> [The data]:
↓
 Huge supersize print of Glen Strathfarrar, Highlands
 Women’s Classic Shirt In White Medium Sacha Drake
↑
↓
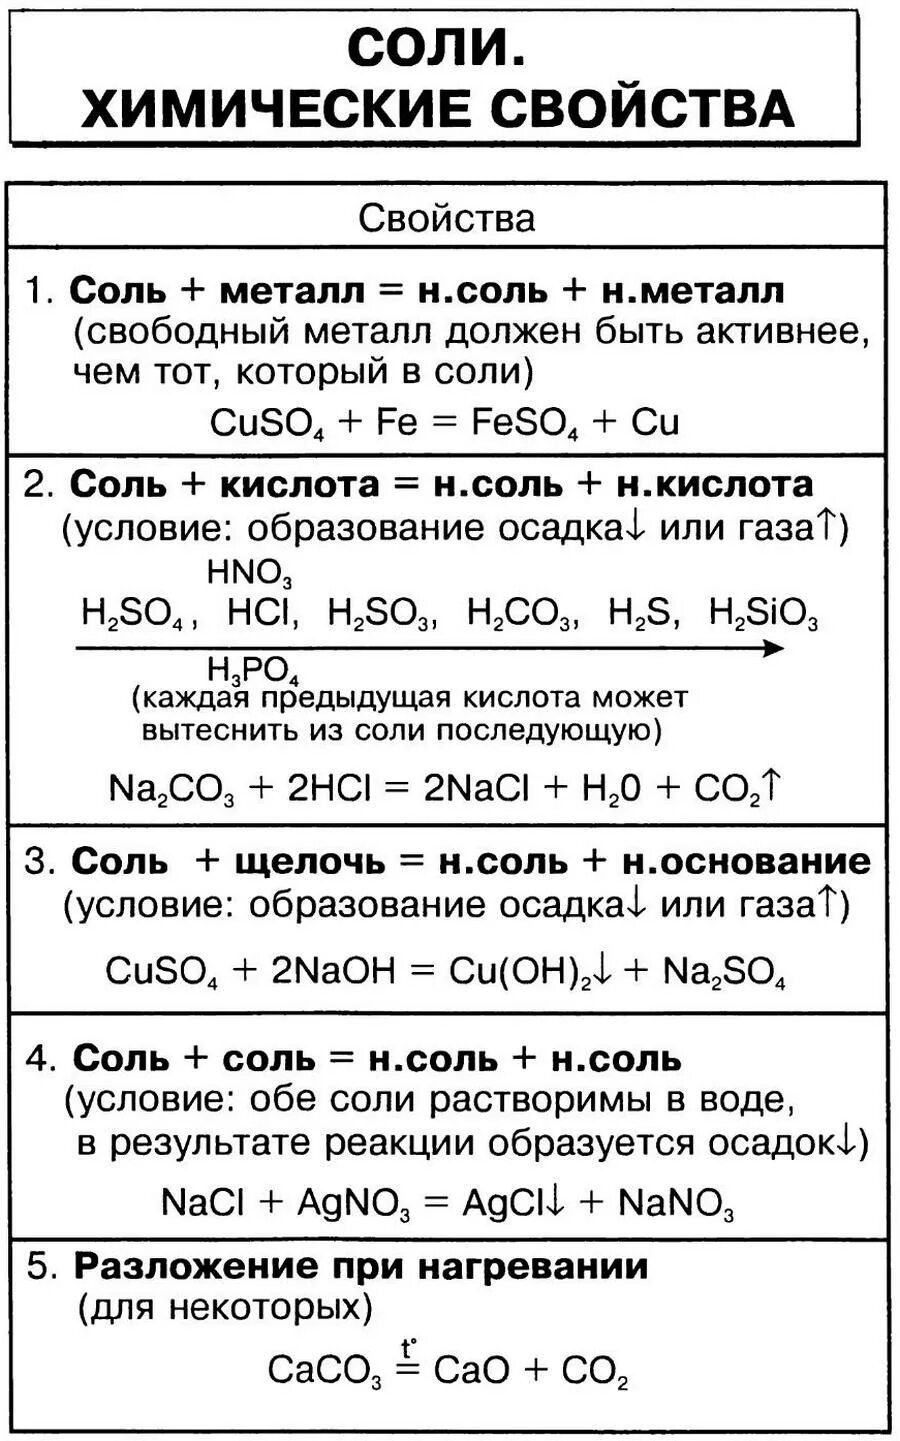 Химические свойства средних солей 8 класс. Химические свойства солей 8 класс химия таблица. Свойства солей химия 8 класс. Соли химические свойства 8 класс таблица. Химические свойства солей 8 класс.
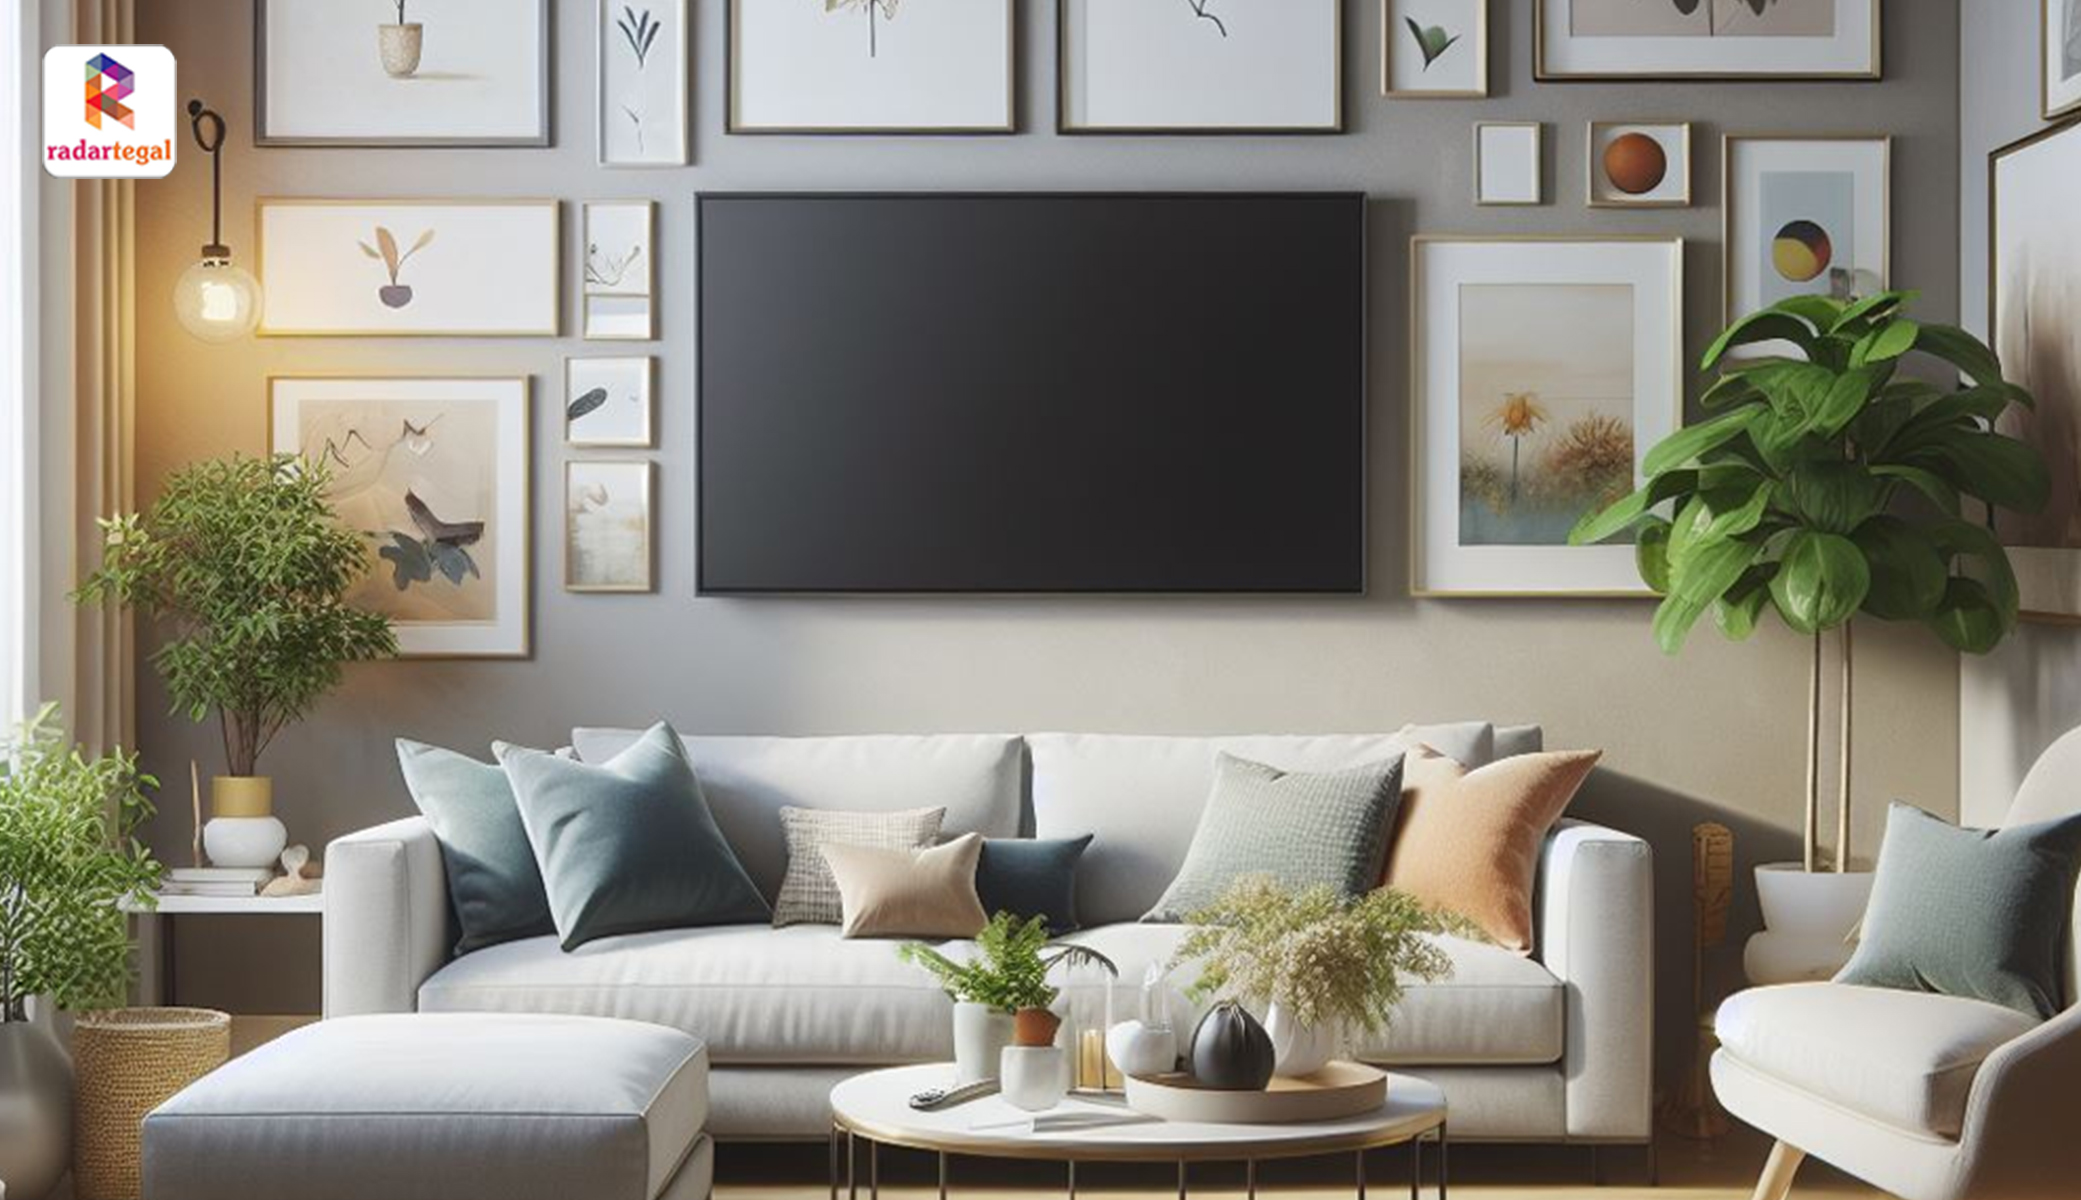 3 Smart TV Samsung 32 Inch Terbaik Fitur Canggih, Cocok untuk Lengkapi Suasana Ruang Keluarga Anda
↑
> [Task details]: Between and including the line with "Химические свойства средних" and the line with "3 Smart TV Samsung", repeat every line exactly as it appears above, with pictures left out.

> [Answer for this exercise]:
 Химические свойства средних солей 8 класс. Химические свойства солей 8 класс химия таблица. Свойства солей химия 8 класс. Соли химические свойства 8 класс таблица. Химические свойства солей 8 класс.
 3 Smart TV Samsung 32 Inch Terbaik Fitur Canggih, Cocok untuk Lengkapi Suasana Ruang Keluarga Anda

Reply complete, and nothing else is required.